**Supplied information:**
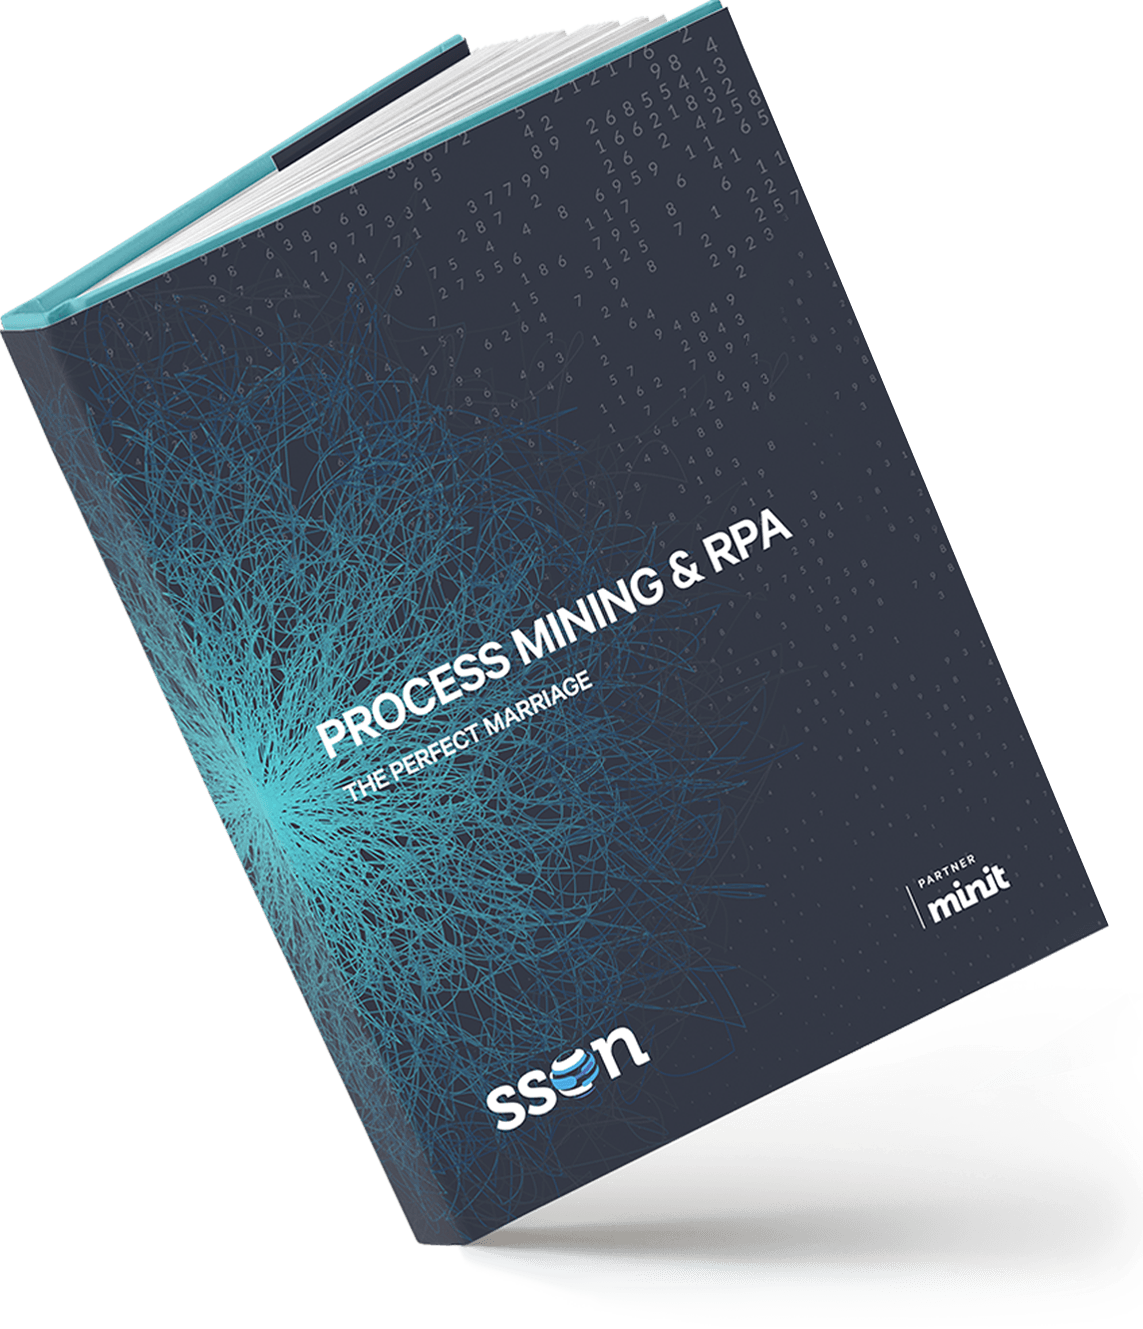 Process Mining and RPA: The Perfect Marriage
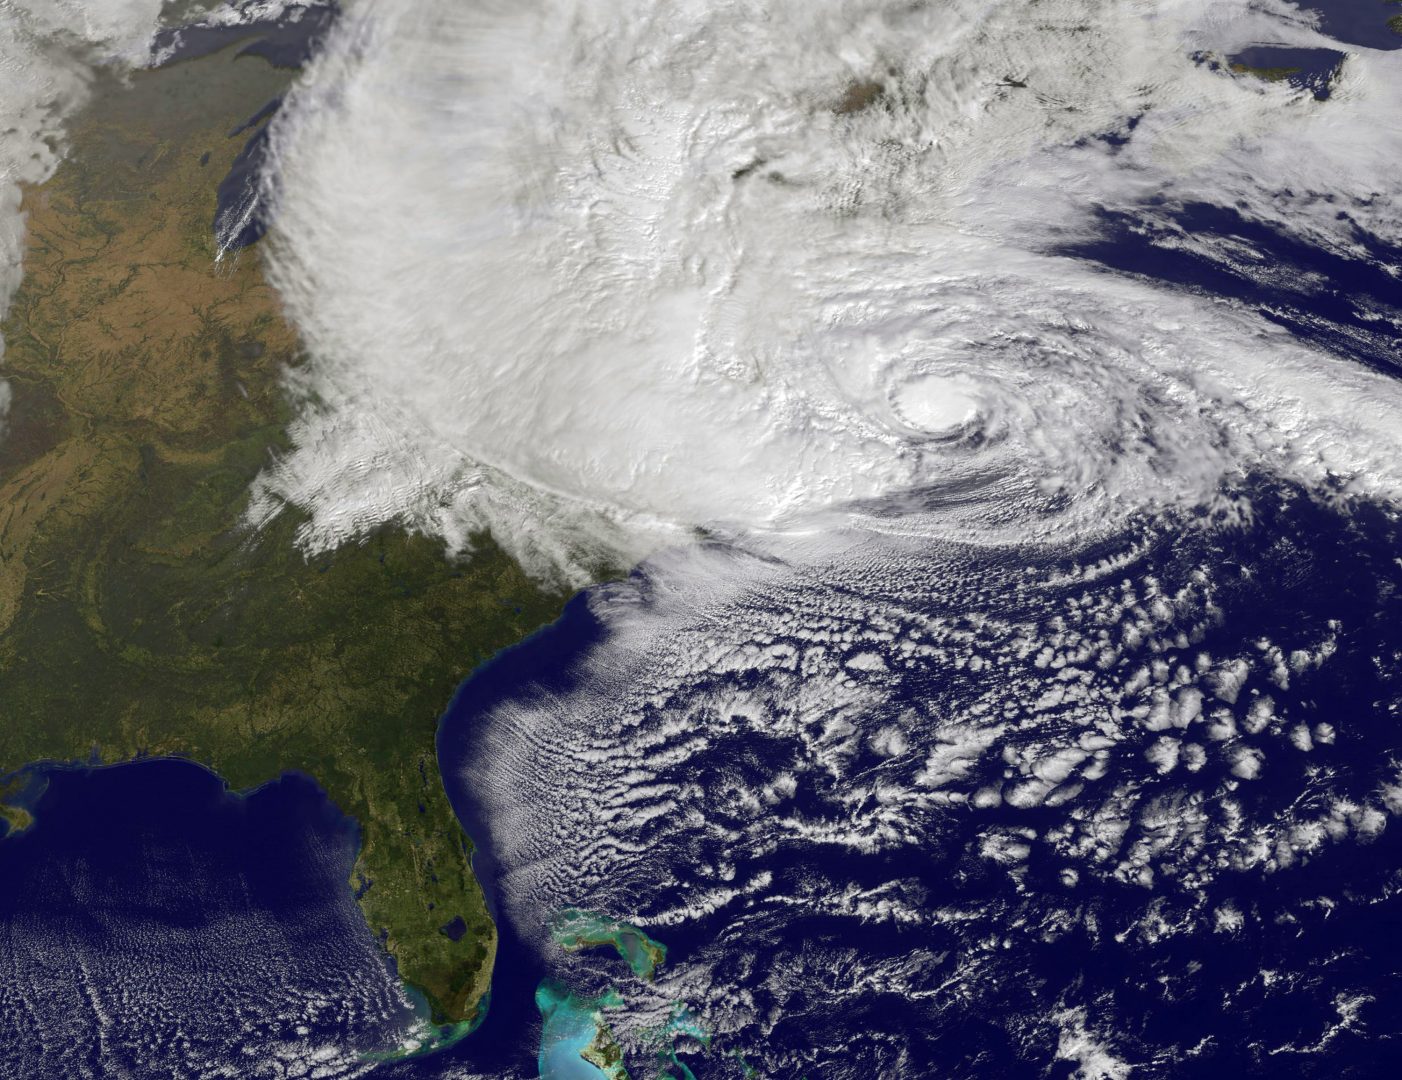 Scientists have been studying the link between climate change and extreme weather events such as Hurricane Sandy, shown here in a NASA image, which left more than 1.3 million Pennsylvanians in the dark in 2012.
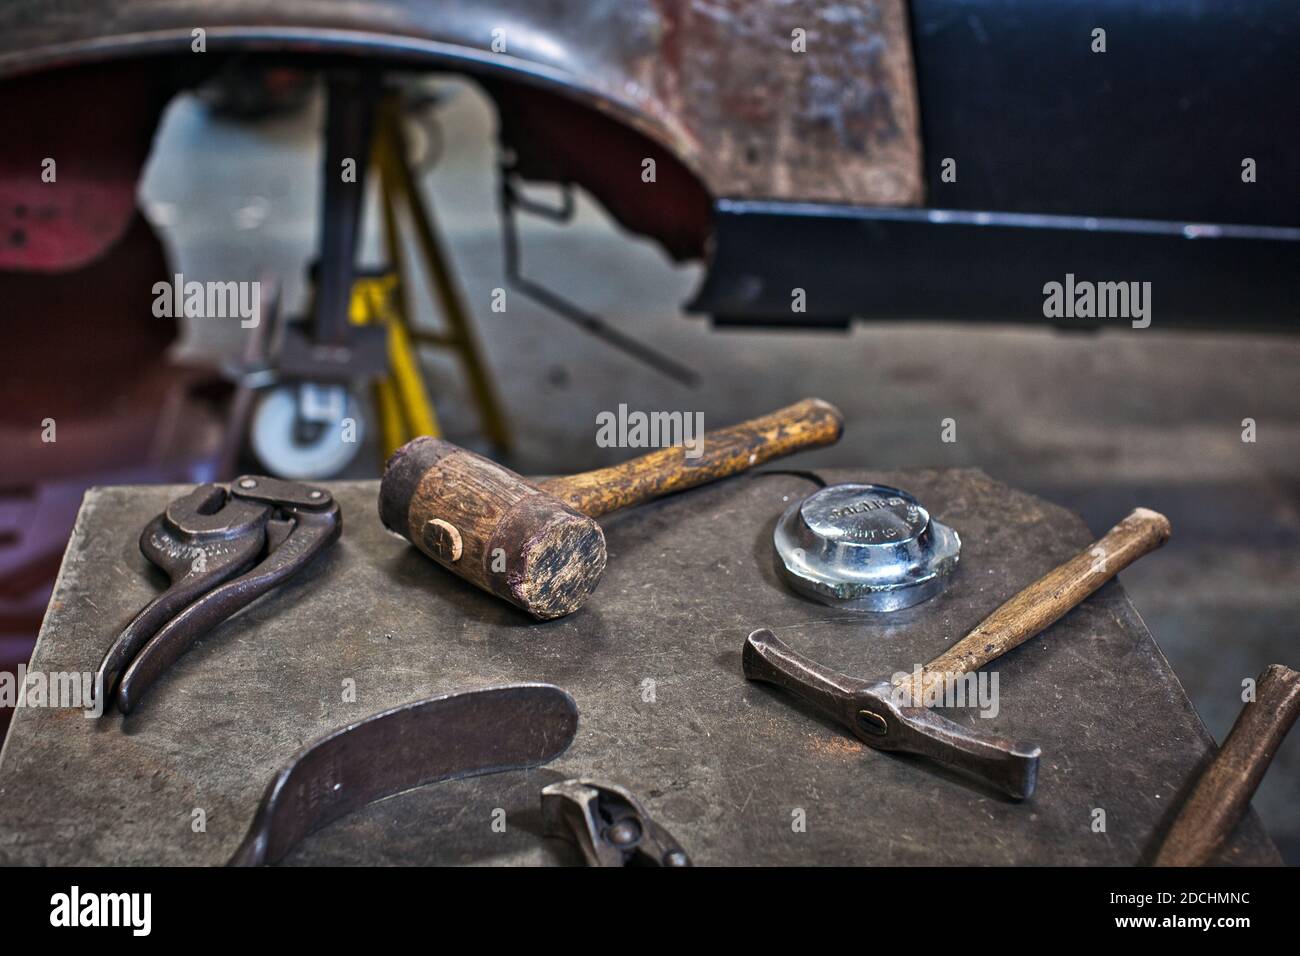 Work Tools On Table At Garage workshop. Stock Photo
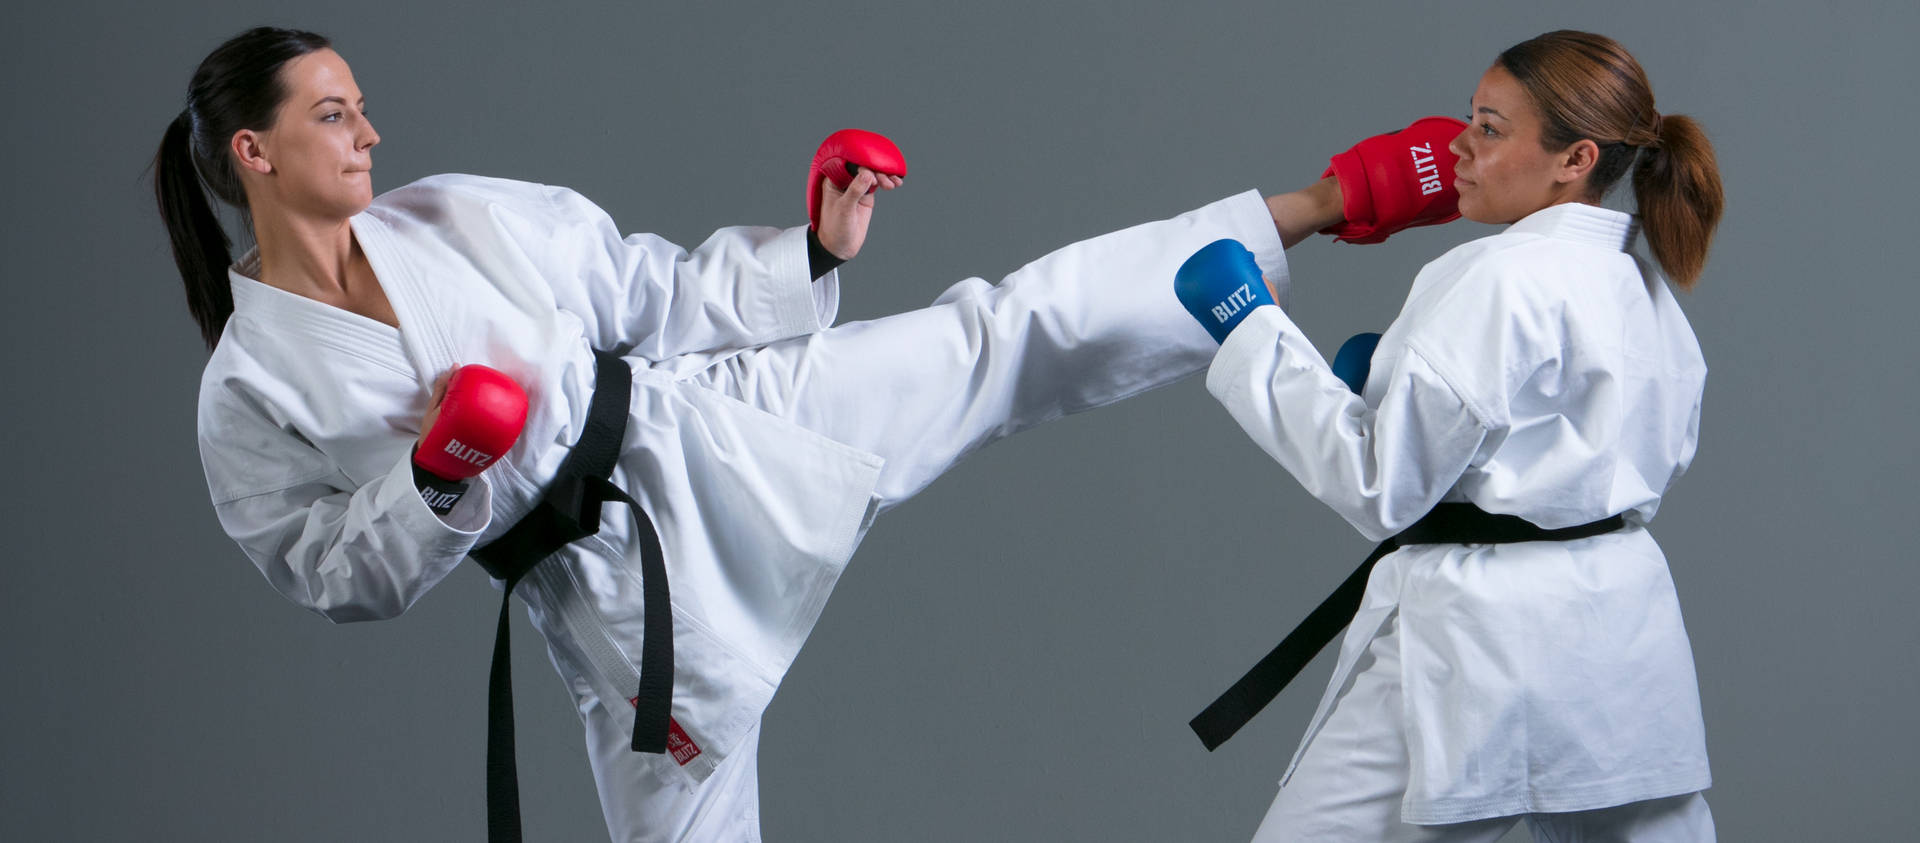 Caption: Dynamic Karate Action Between Two Female Martial Artists Wallpaper

**Your goal:** The response should restate the material above word for word and contain no pictures.

**Response box:**
 Process Mining and RPA: The Perfect Marriage
 Scientists have been studying the link between climate change and extreme weather events such as Hurricane Sandy, shown here in a NASA image, which left more than 1.3 million Pennsylvanians in the dark in 2012.
 Work Tools On Table At Garage workshop. Stock Photo
 Caption: Dynamic Karate Action Between Two Female Martial Artists Wallpaper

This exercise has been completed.